According to a Columbia student newspaper, the contracts of adjunct professors stipulate minimum enrollment requirements. Attiah called the move “cruel” and said she was “concerned about the marginalizing of non-western perspectives” at the school.
Immediately following Kirk’s Sept. 10 assassination by a lunatic left-winger, Attiah wrote on social media she refused “to tear my clothes and smear ashes on my face in performative mourning for a white man,” falsely claiming Kirk “espoused violence.”
She then misquoted him, writing on social media site BlueSky Kirk had said, “Black women do not have the brain processing power to be taken seriously. You have to go steal a white person’s slot.”
In fact, Kirk said nothing of the sort. He never made his statement about all black women, but four specific people in particular — Michelle Obama, Supreme Court Justice Ketanji Brown Jackson, canned MSNBC yapper Joy Reid, and the late Texas Congresswoman Sheila Jackson.
In sacking Attiah on September 15, Washington Post cited violations of its social media policy, claiming her posts “harmed the integrity” of the organization and “endangered” colleagues.
A review by The Post of the newspaper’s recent union-negotiated employee contract reveals writers are forbidden from providing their services to competition.

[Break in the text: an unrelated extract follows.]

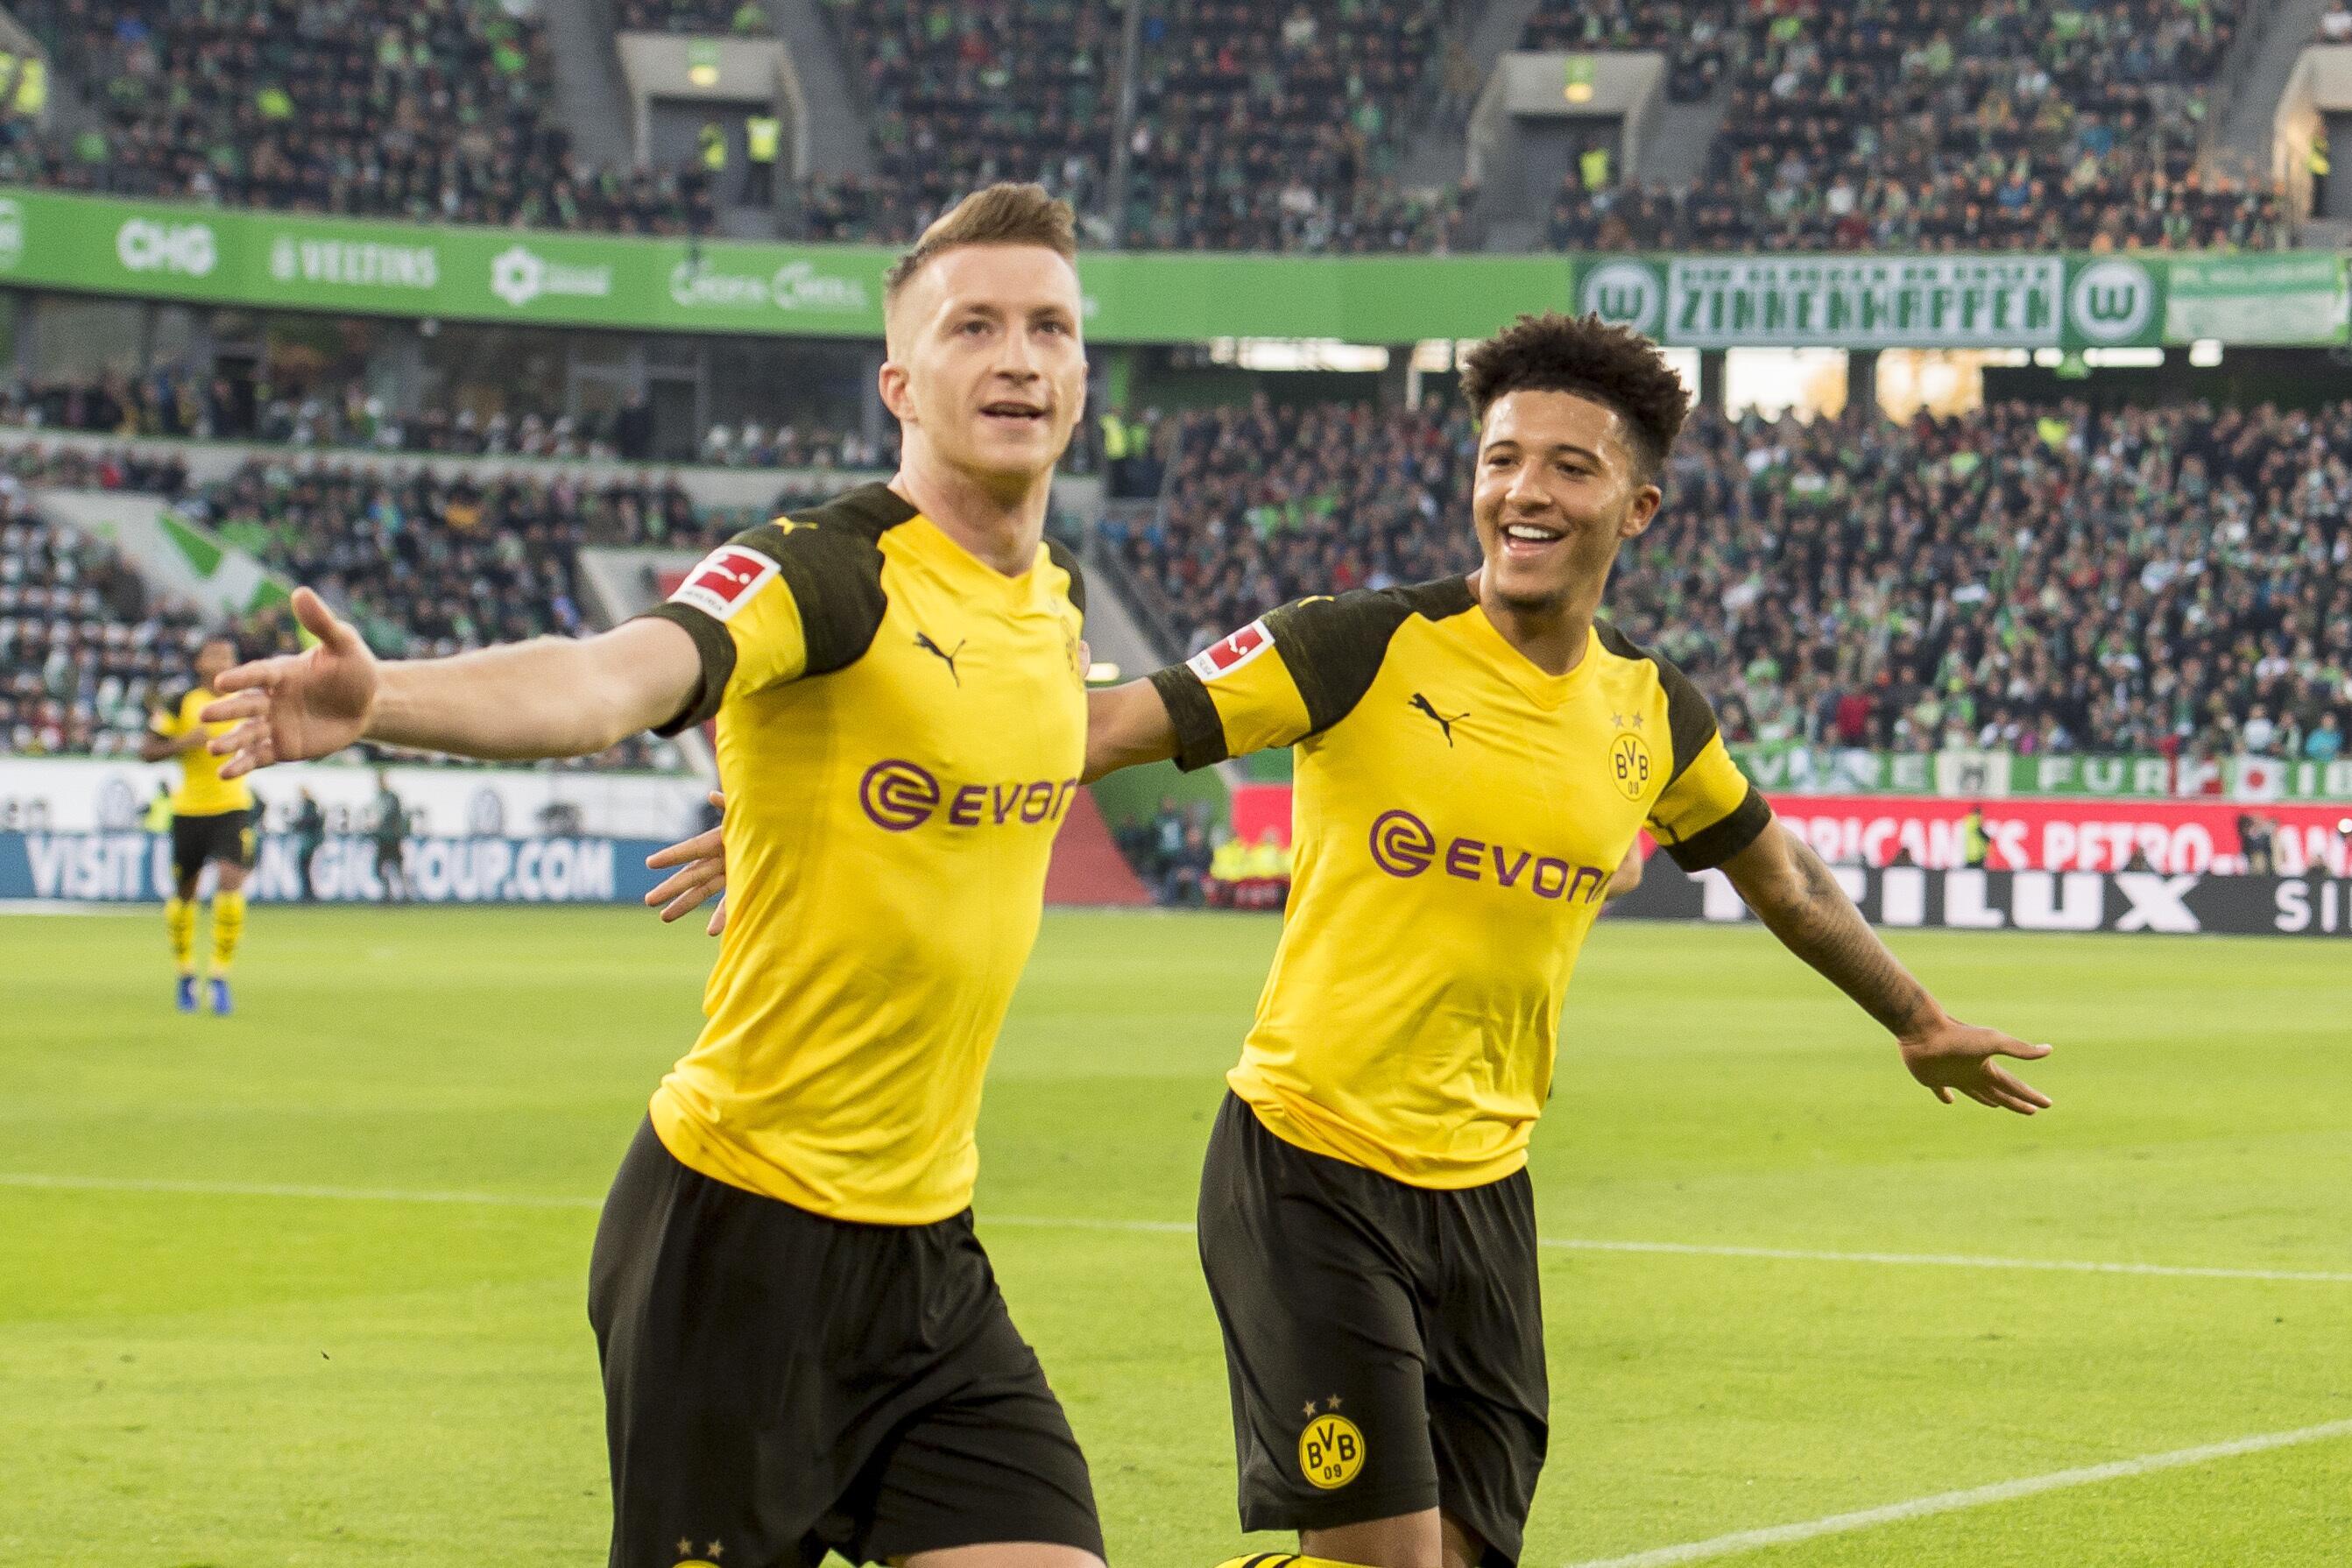 Bild zu Reus, Sancho, Dortmund, BVB, Bundesliga, Fußball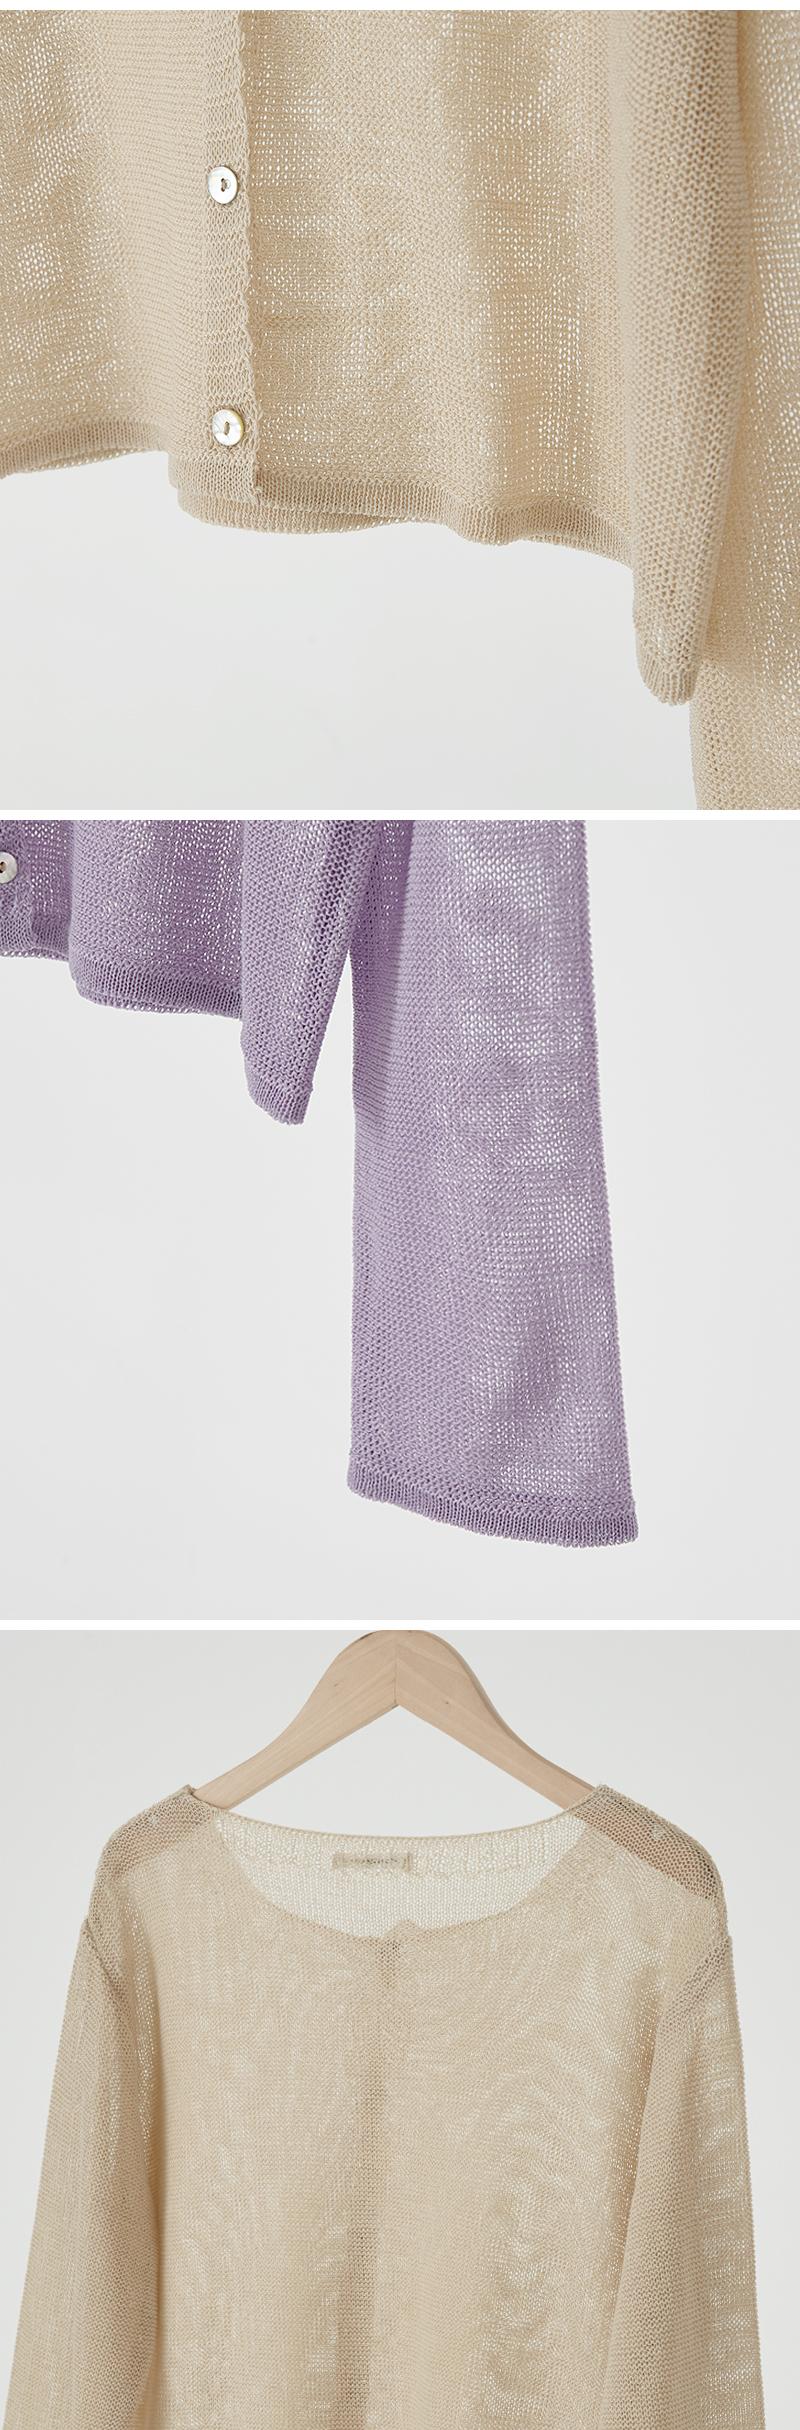 Round See-through Crop Knitwear Cardigan

Attiah had by that time independently started publishing on Substack. Appearing on New York Times writer Paul Krugman’s podcast, he asked if the Washington Post were OK with that.
Attiah dodged the question, responding: “I was like, well, ‘Could I at least do podcasts or something? Can I express myself this way?’ Substack has become a really interesting character in this saga of mainstream media, I suppose.”
Neither Attiah, her lawyer, the Washington Post, nor HarperCollins responded to The Post’s requests for comment.
Attiah also caused Washington Post to come under fire in 2023 when, following the slaughter of 1,500 Israeli civilians by terrorists at a music festival on Oct. 7 by Hamas, she shared content on social media including a Tweet which read: “Settlers are not the victims here and never will be.”